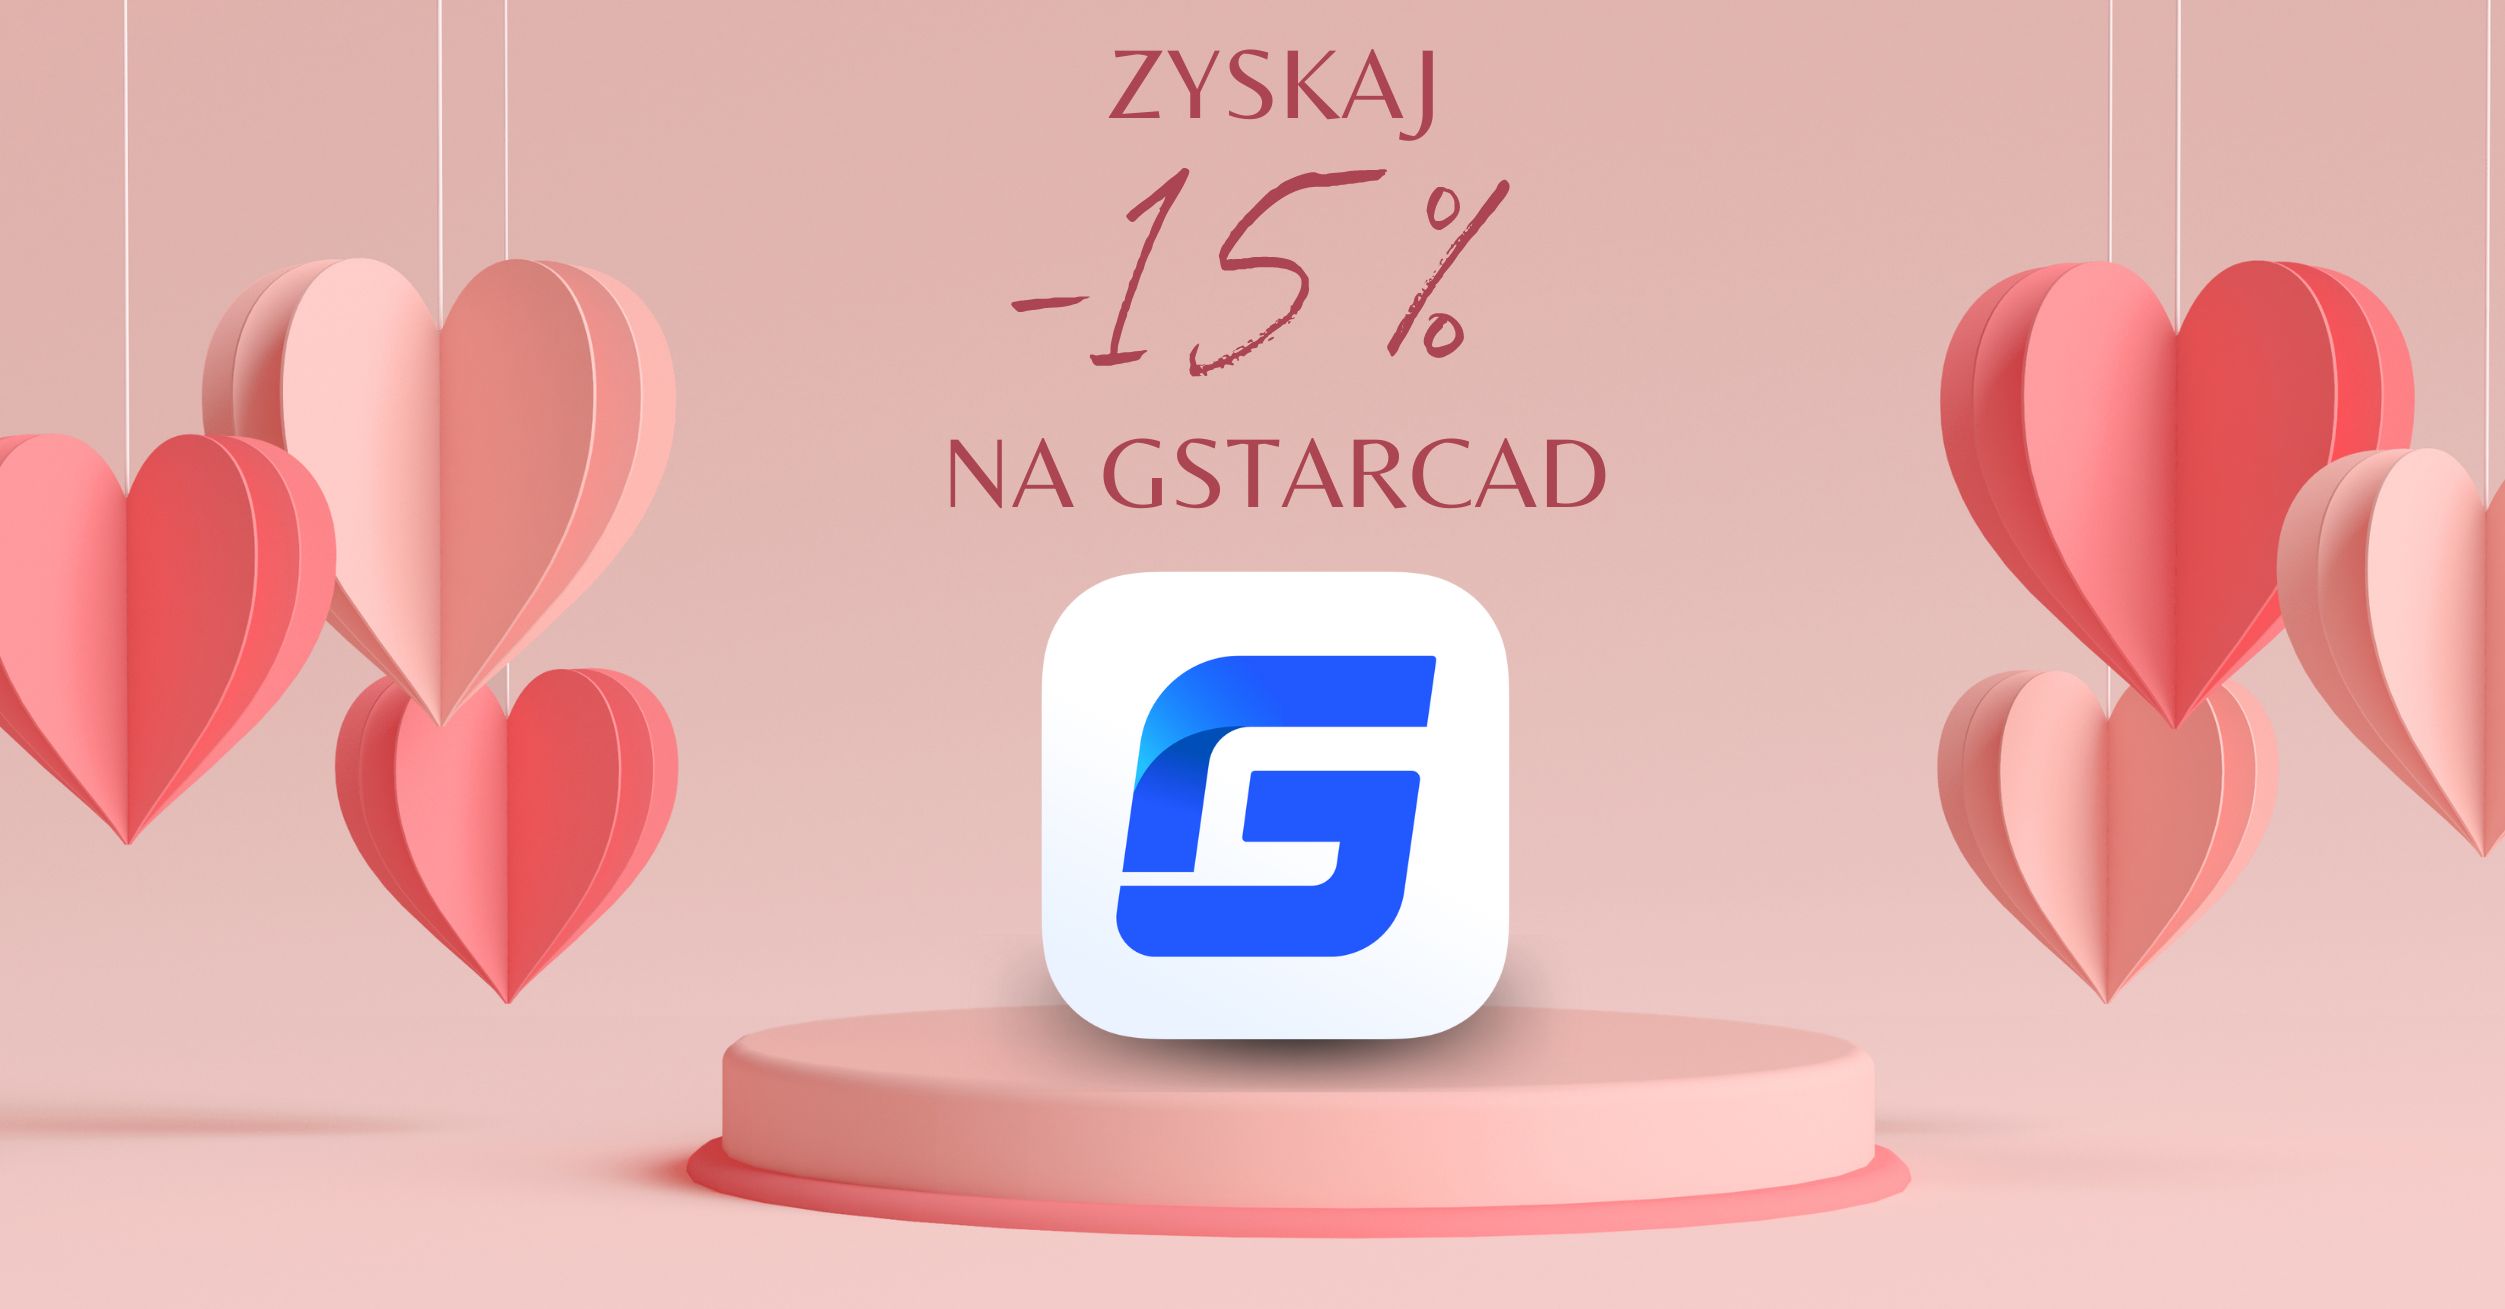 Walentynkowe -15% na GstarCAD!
* * *
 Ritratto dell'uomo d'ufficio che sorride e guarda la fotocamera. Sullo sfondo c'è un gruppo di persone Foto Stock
...
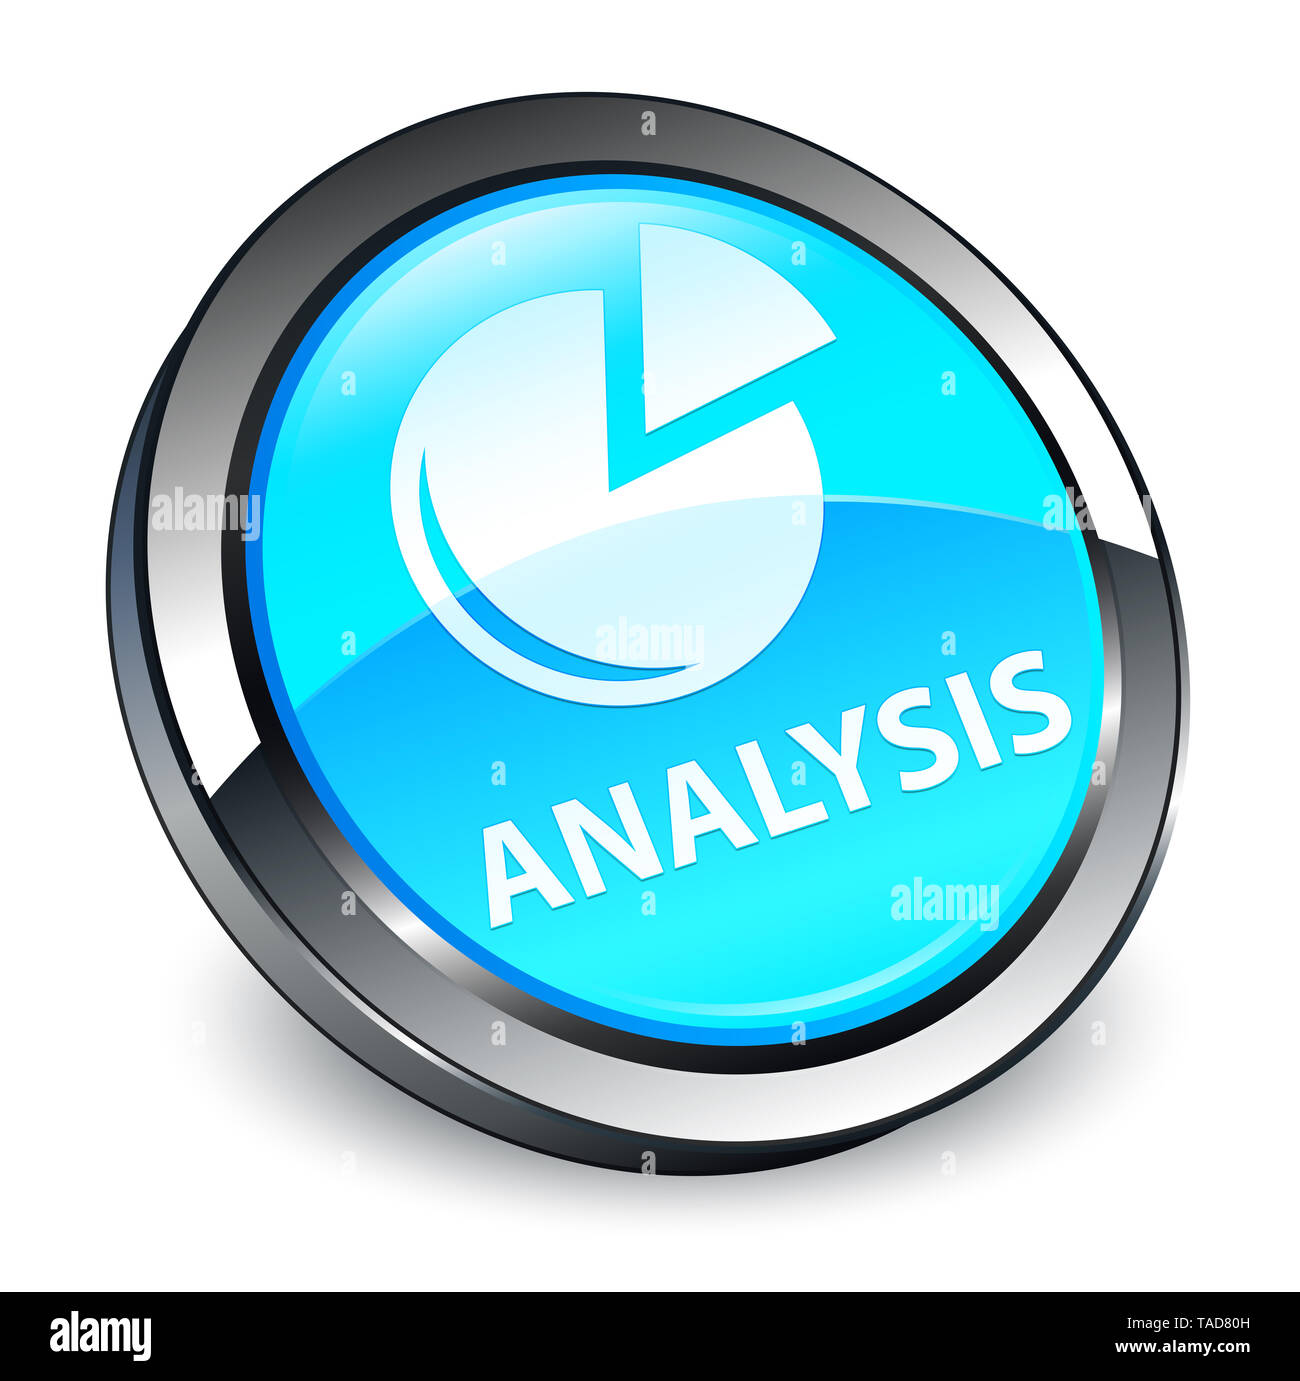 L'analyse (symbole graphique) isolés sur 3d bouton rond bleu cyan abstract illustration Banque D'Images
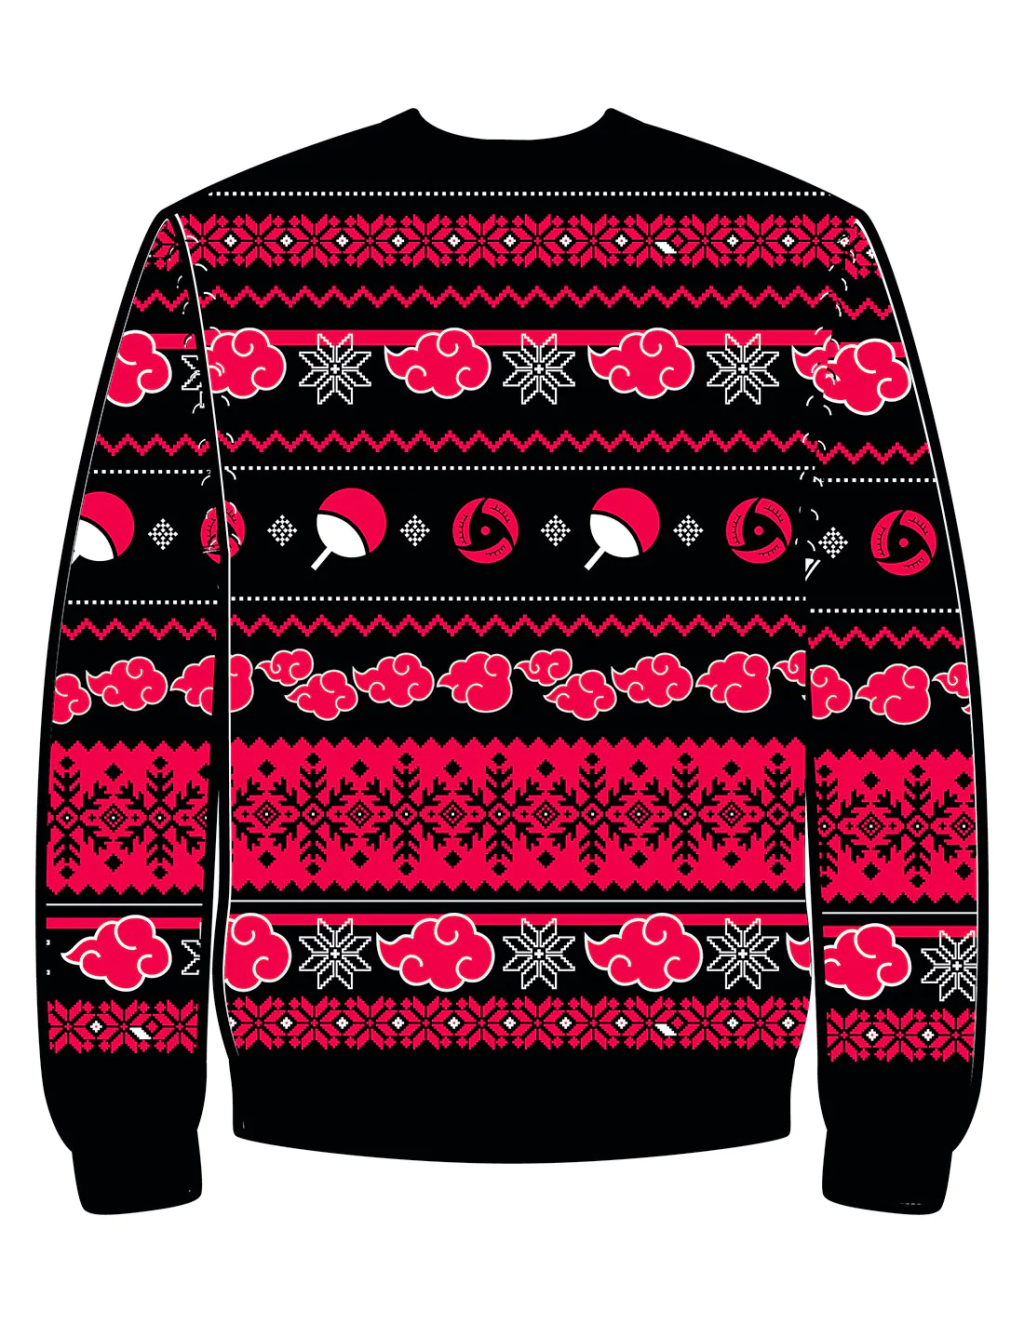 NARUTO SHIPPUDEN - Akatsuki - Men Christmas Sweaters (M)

_BRIEF_
The material above holds pictures; leave them out. Repeat exactly the lines from the one containing "L'analyse (symbole graphique)" through the one containing "NARUTO SHIPPUDEN - Akatsuki", and nothing else.

_THE COMPLETED TASK_
 L'analyse (symbole graphique) isolés sur 3d bouton rond bleu cyan abstract illustration Banque D'Images
 NARUTO SHIPPUDEN - Akatsuki - Men Christmas Sweaters (M)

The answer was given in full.